_Task directions_: The records that follow are to be repeated in full, with no pictures retained.

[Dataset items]
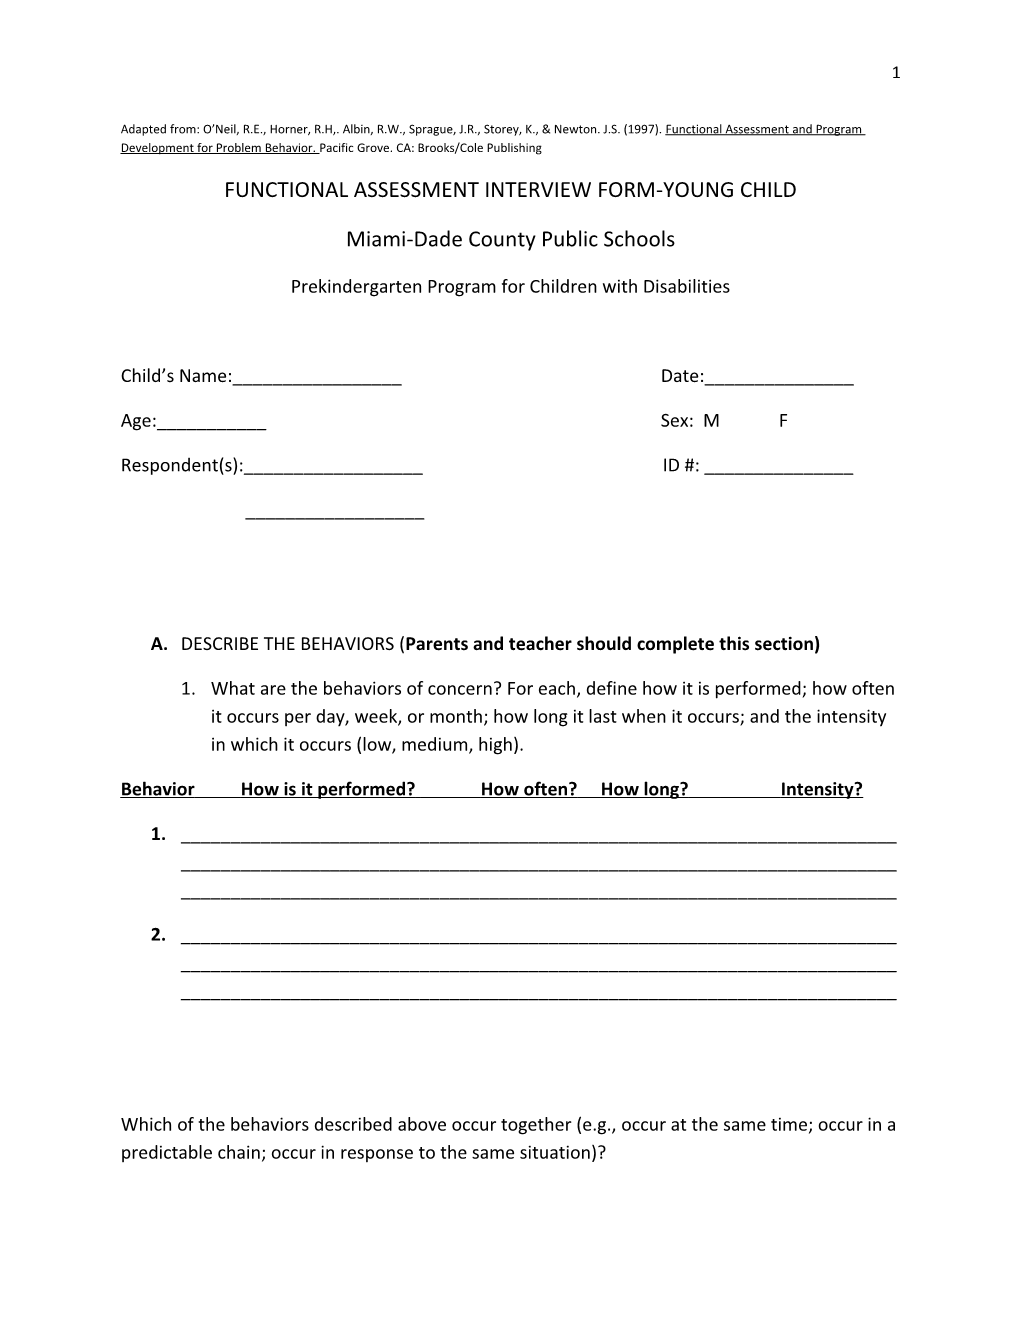 Functional Assessment Interview Form-Young Child
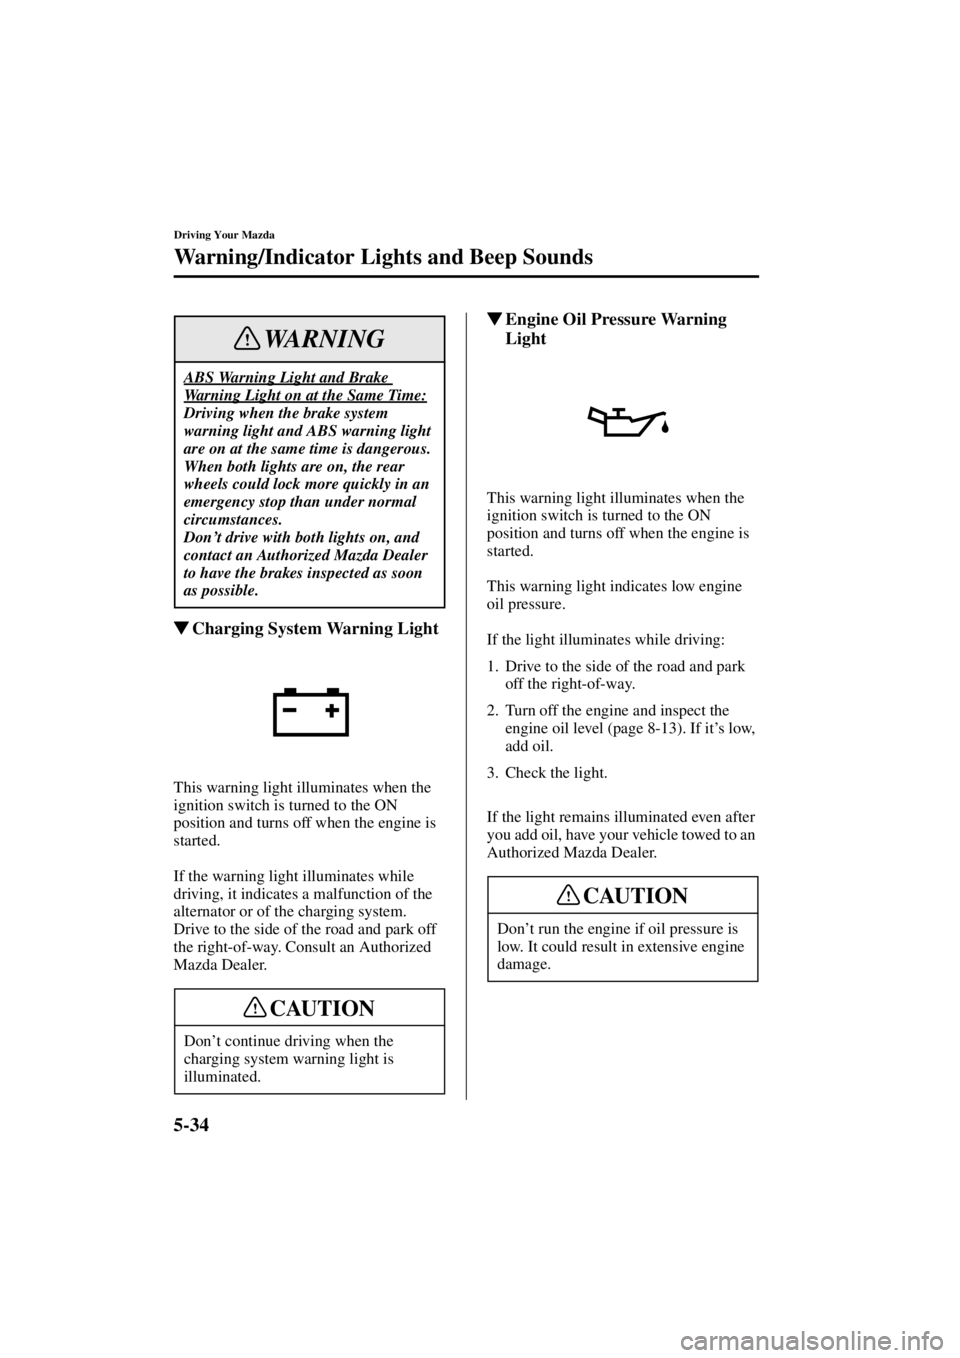 MAZDA MODEL 3 4-DOOR 2004 User Guide 5-34
Driving Your Mazda
Warning/Indicator Lights and Beep Sounds
Form No. 8S18-EA-03I
Charging System Warning Light
This warning light illuminates when the 
ignition switch is turned to the ON 
posit
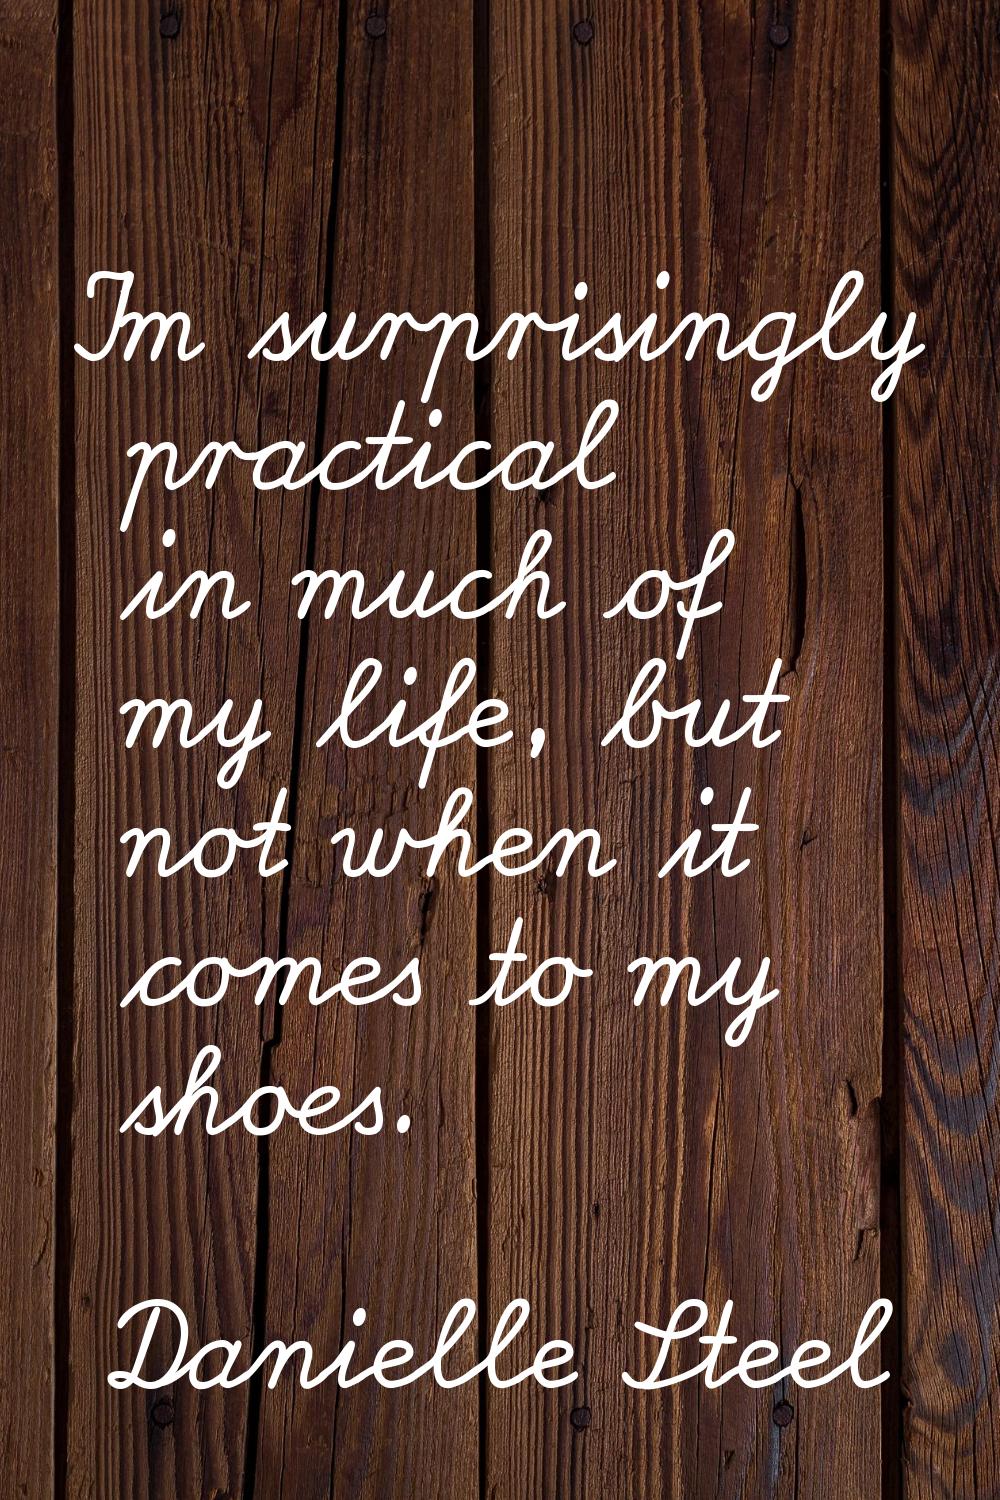 I'm surprisingly practical in much of my life, but not when it comes to my shoes.

_Output for this task_:
 Functional Assessment Interview Form-Young Child
 MAZDA MODEL 3 4-DOOR 2004 User Guide 5-34
Driving Your Mazda
Warning/Indicator Lights and Beep Sounds
Form No. 8S18-EA-03I
Charging System Warning Light
This warning light illuminates when the 
ignition switch is turned to the ON 
posit
 I'm surprisingly practical in much of my life, but not when it comes to my shoes.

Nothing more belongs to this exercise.